-------- INPUT RECORDS --------

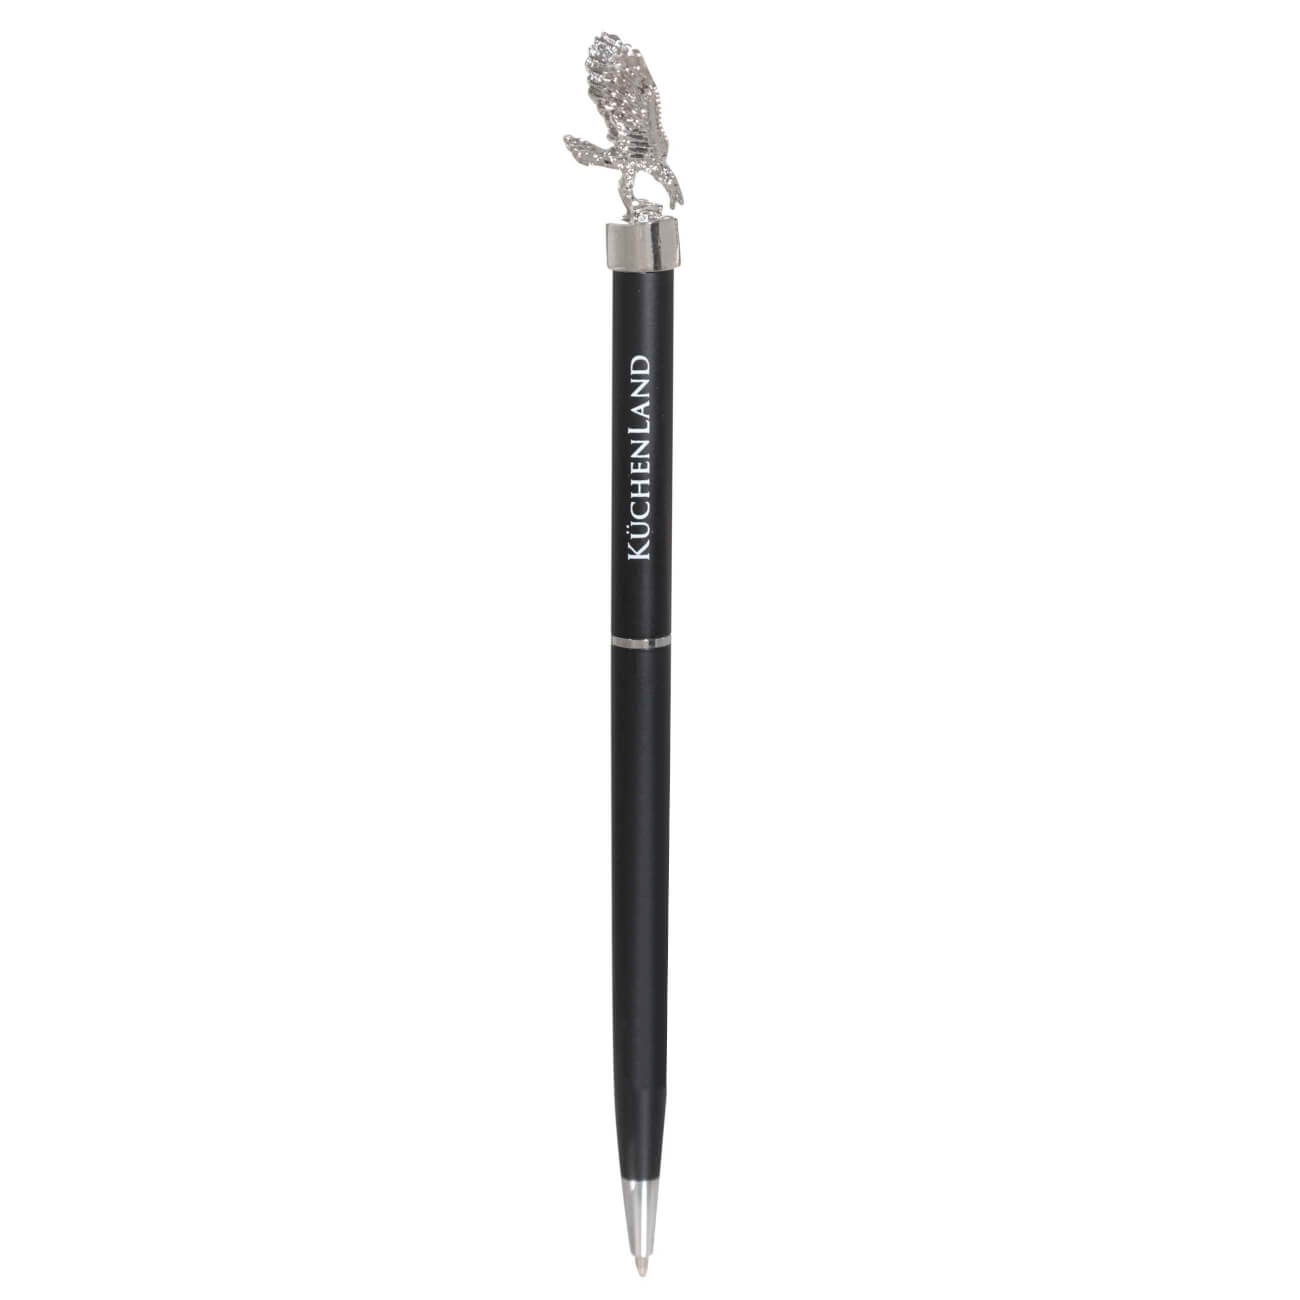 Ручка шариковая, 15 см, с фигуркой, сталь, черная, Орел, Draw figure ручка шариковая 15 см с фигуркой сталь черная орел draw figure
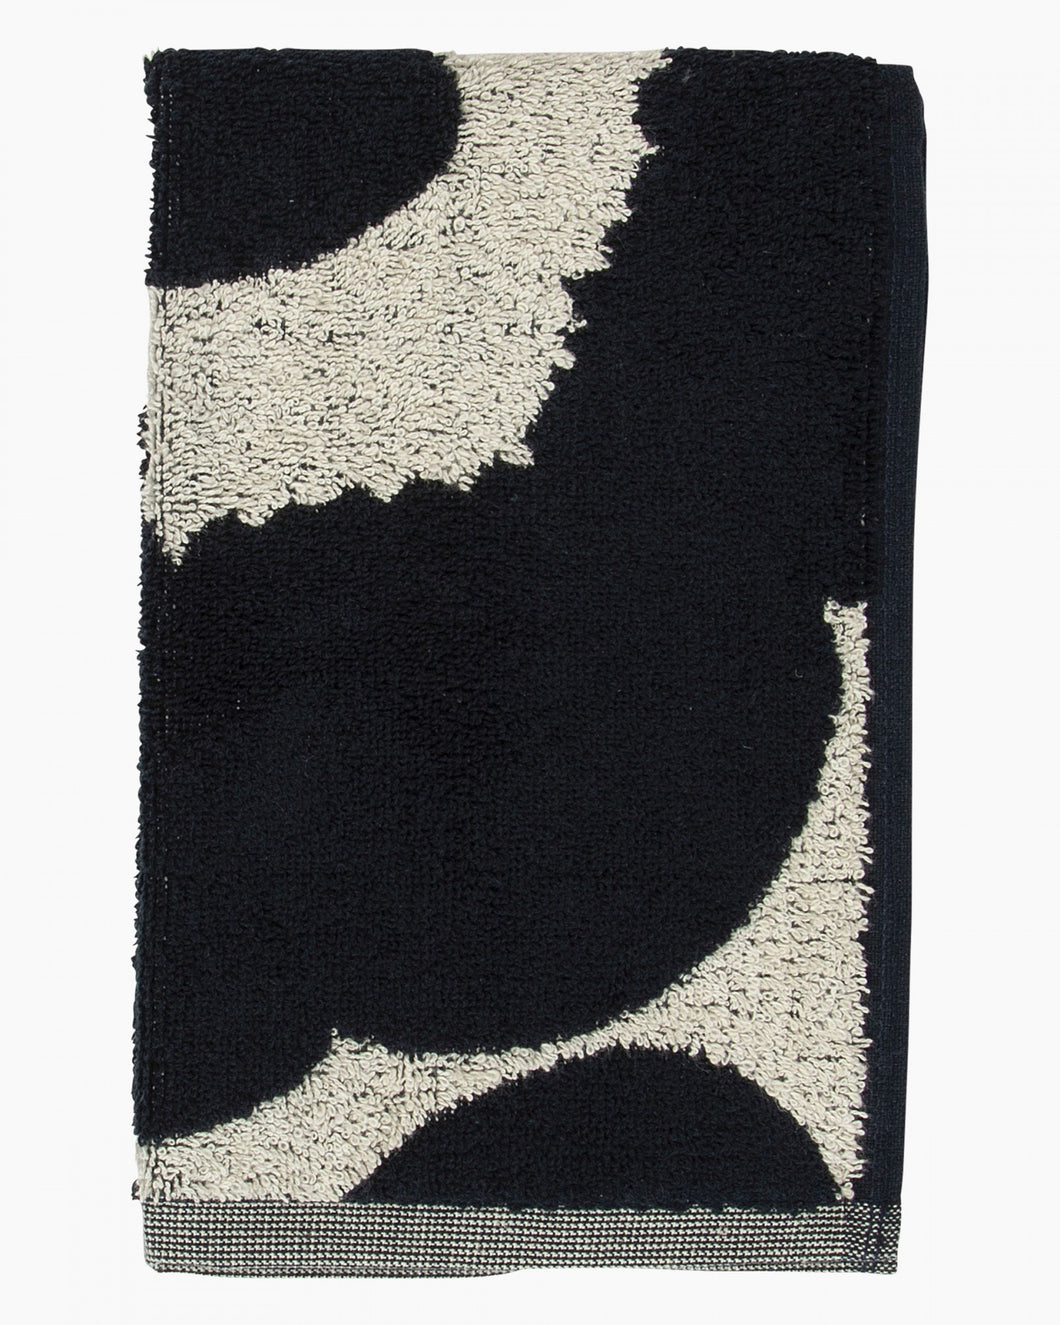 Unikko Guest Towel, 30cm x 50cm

--------
-------- INPUT RECORDS --------

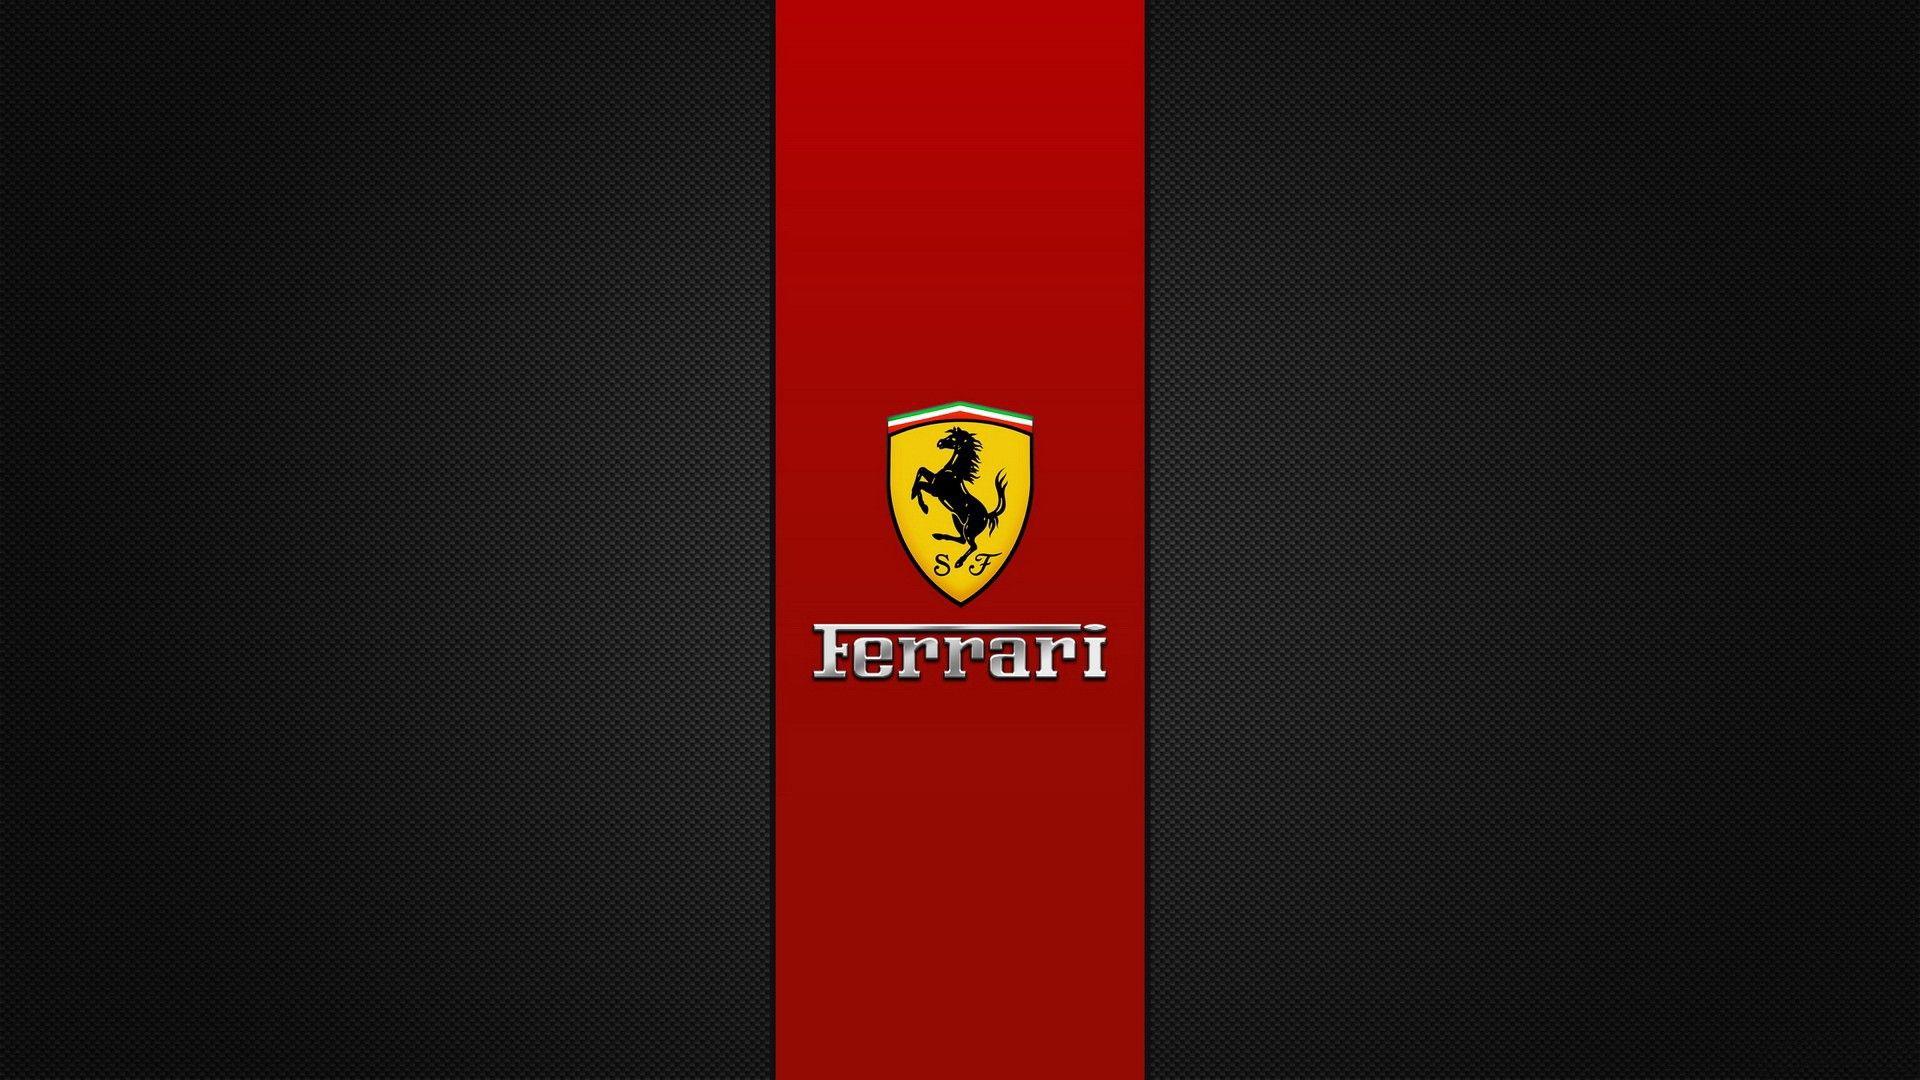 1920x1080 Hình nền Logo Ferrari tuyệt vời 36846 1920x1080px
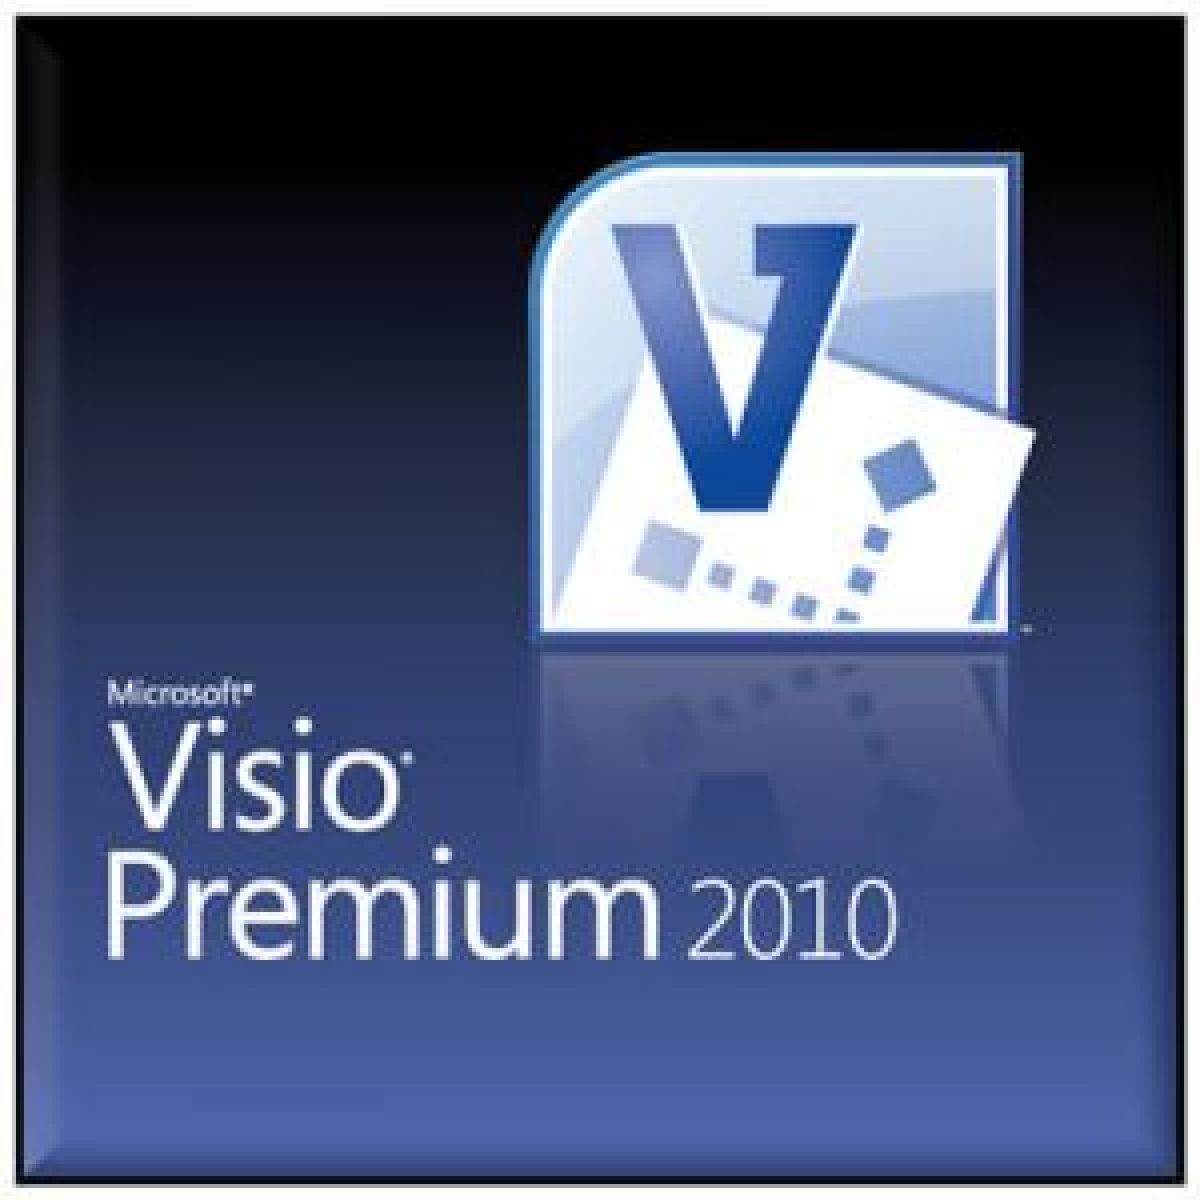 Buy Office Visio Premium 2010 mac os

--------

### TASK INSTRUCTIONS
Your reply should hold nothing but the lines above, from the one containing "Ручка шариковая, 15" to the one containing "Unikko Guest Towel, 30cm x 50cm", reproduced exactly minus the pictures.

### EXERCISE SOLUTION
 Ручка шариковая, 15 см, с фигуркой, сталь, черная, Орел, Draw figure ручка шариковая 15 см с фигуркой сталь черная орел draw figure
 Unikko Guest Towel, 30cm x 50cm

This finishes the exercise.